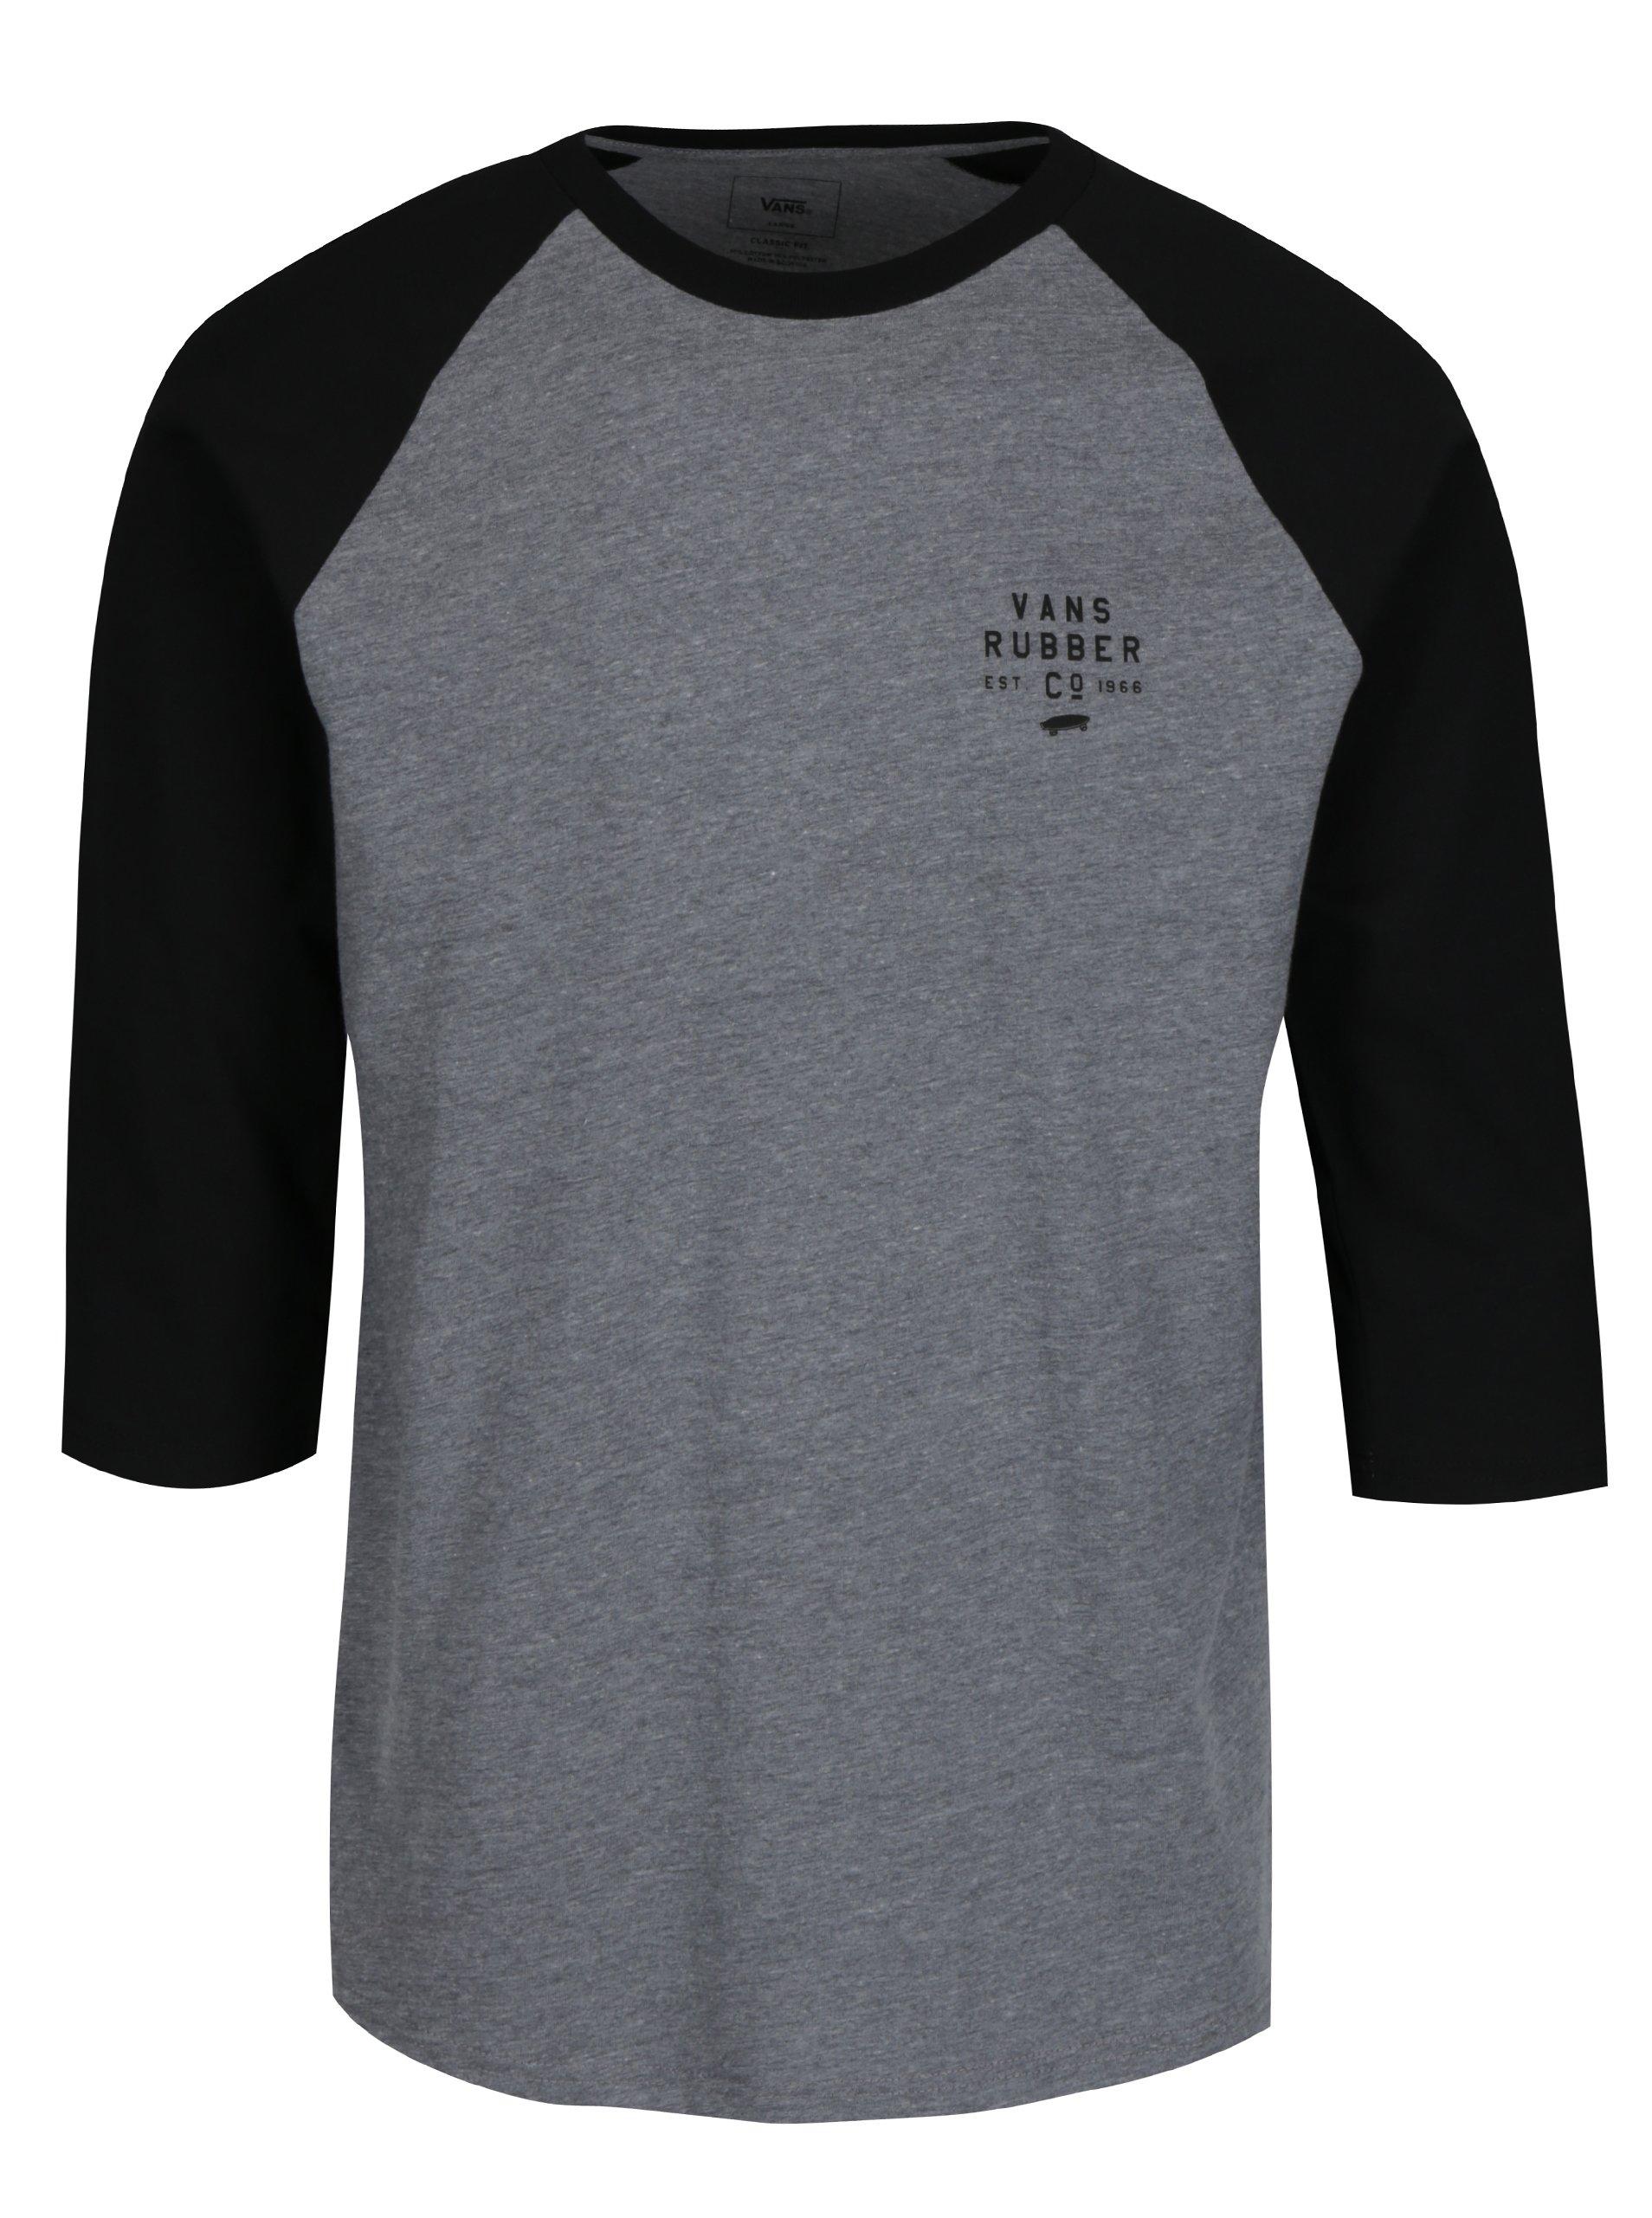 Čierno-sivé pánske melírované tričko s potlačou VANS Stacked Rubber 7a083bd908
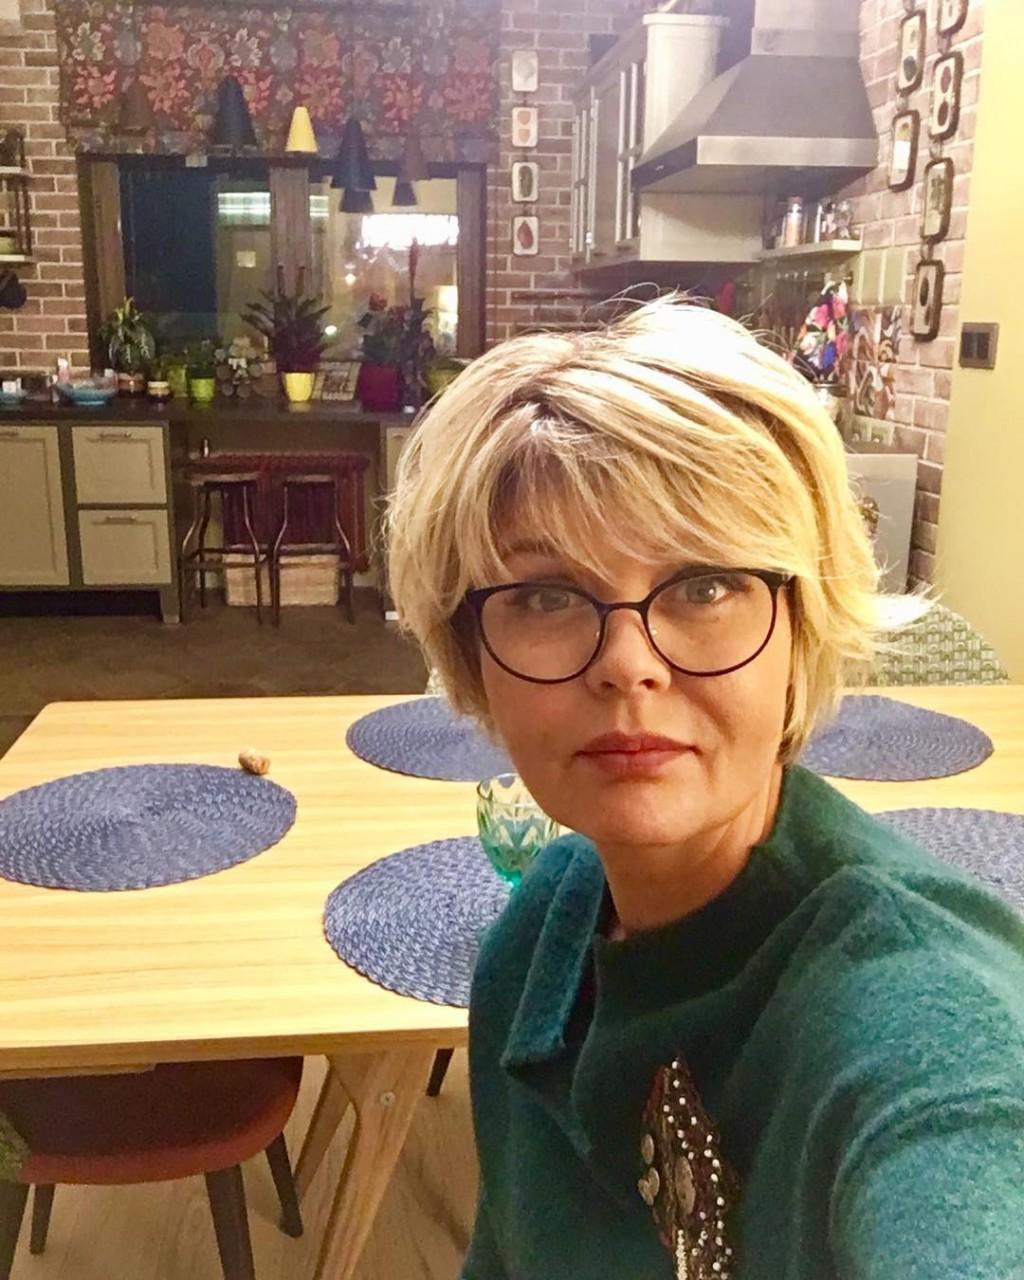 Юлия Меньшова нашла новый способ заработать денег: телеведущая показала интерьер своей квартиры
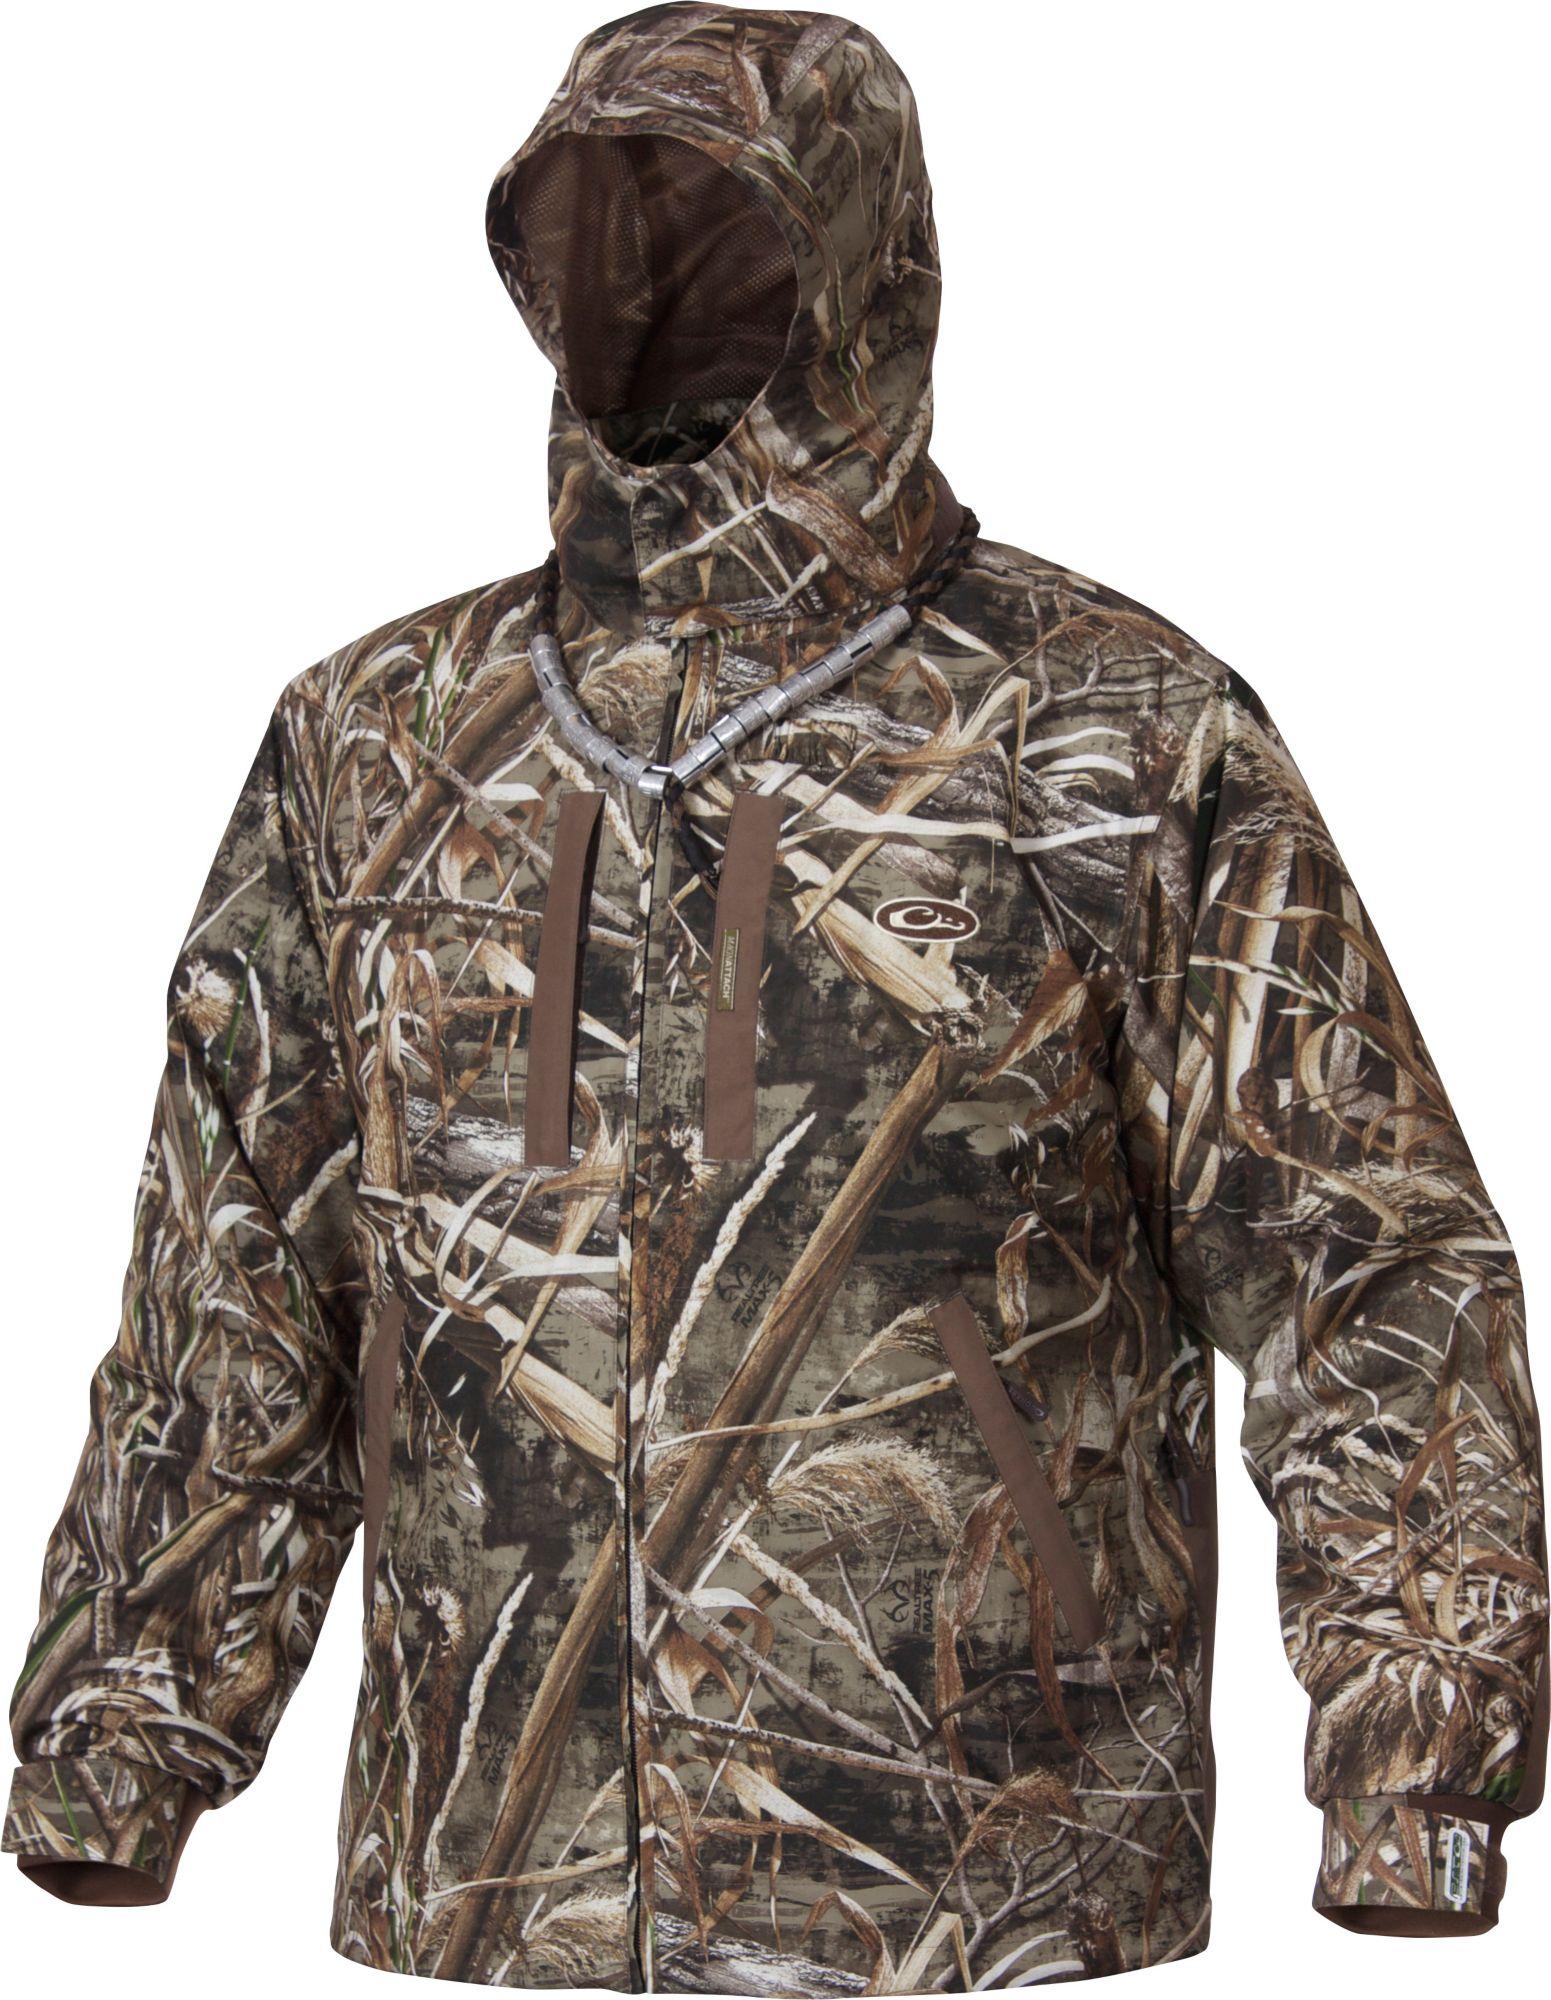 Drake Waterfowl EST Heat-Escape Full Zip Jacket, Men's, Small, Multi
═══
EXERCISE DIRECTIONS:
Retype the whole listing above exactly as written. Skip the pictures.

THE COMPLETED TASK:
 Čierno-sivé pánske melírované tričko s potlačou VANS Stacked Rubber 7a083bd908
 Юлия Меньшова нашла новый способ заработать денег: телеведущая показала интерьер своей квартиры
 Drake Waterfowl EST Heat-Escape Full Zip Jacket, Men's, Small, Multi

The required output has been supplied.